A Big Data pipeline (set of applications) that pulls tweets related to some movies, drops the tweets to Kafka, classifies them as positive/negative and, finally, exports counters and the tweets to Cassandra. Simple Web UI application to view the results is also included.
The purpose of this repository is to give a baseline to the community in development of In-Stream Big Data Pipelines. It can be taken as-is a prototype and filled in with custom logic. If you faced issues or feel that something can be improved - contributions are welcomed.
Embedded Redis, Spark, Cassandra and some other testing stuff which is reused in tests across other modules.
A tool which searches tweets related to specified movie and keeps tracking them in real time. The tweets are pushed to Kafka. For more details, see module documentation
A tool and DAO to work with classification model dictionary and coefficients in Cassandra. The tool is used to import the model from TSV files. Find more details in module documentation
Spark Streaming application which classifies tweets from Kafka and sends results to Cassandra. Find more details, including Cassandra schemas in module documentation
The project does not have explicit build environment limitations.

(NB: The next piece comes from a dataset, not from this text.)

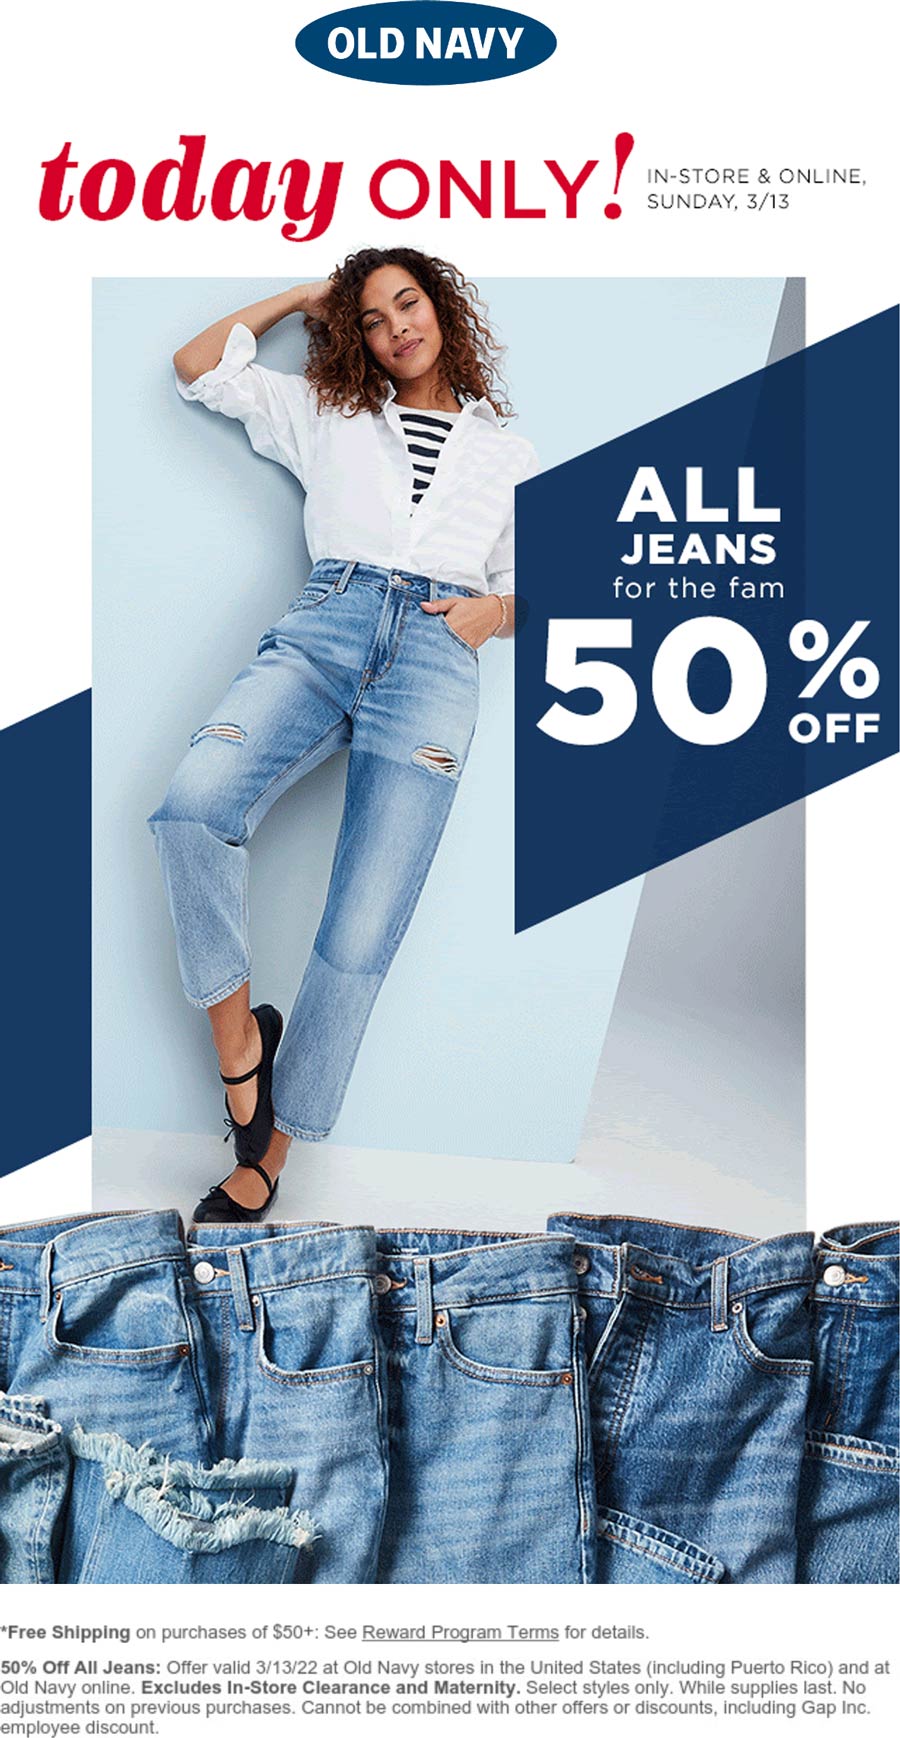 Old Navy stores Coupon  50% off all jeans today at Old Navy, ditto online #oldnavy 
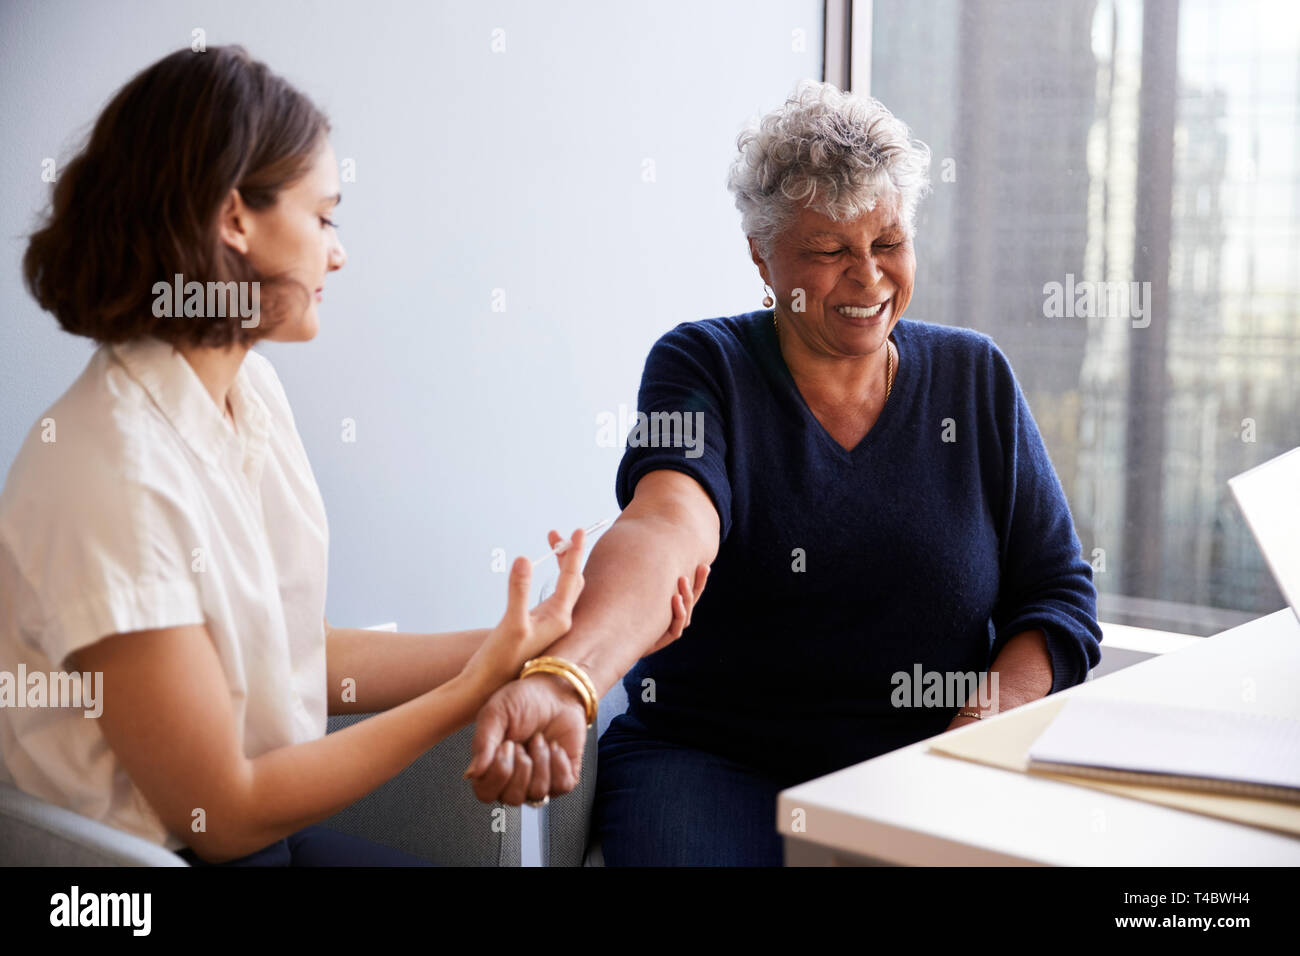 Senior Woman Being Vaccinated With Flu Jab By Female Doctor In Hospital Office Stock Photo

But it is confirmed to work with:
- Linux, Windows + Cygwin, MacOS
- Maven 3+
- Java 1.7+
# the build process is very simple
mvn clean install
# or without tests
mvn clean install -DskipTests -DskipITs
Note, that clean is mandatory if tests are run due to peculiarities of Cassandra Maven Plugin and random ports reservation.
There is an automatic check that files have proper license headers. You can either add the header manually, or use following command:
mvn license:format
Apache License Version 2.0. See LICENSE.txt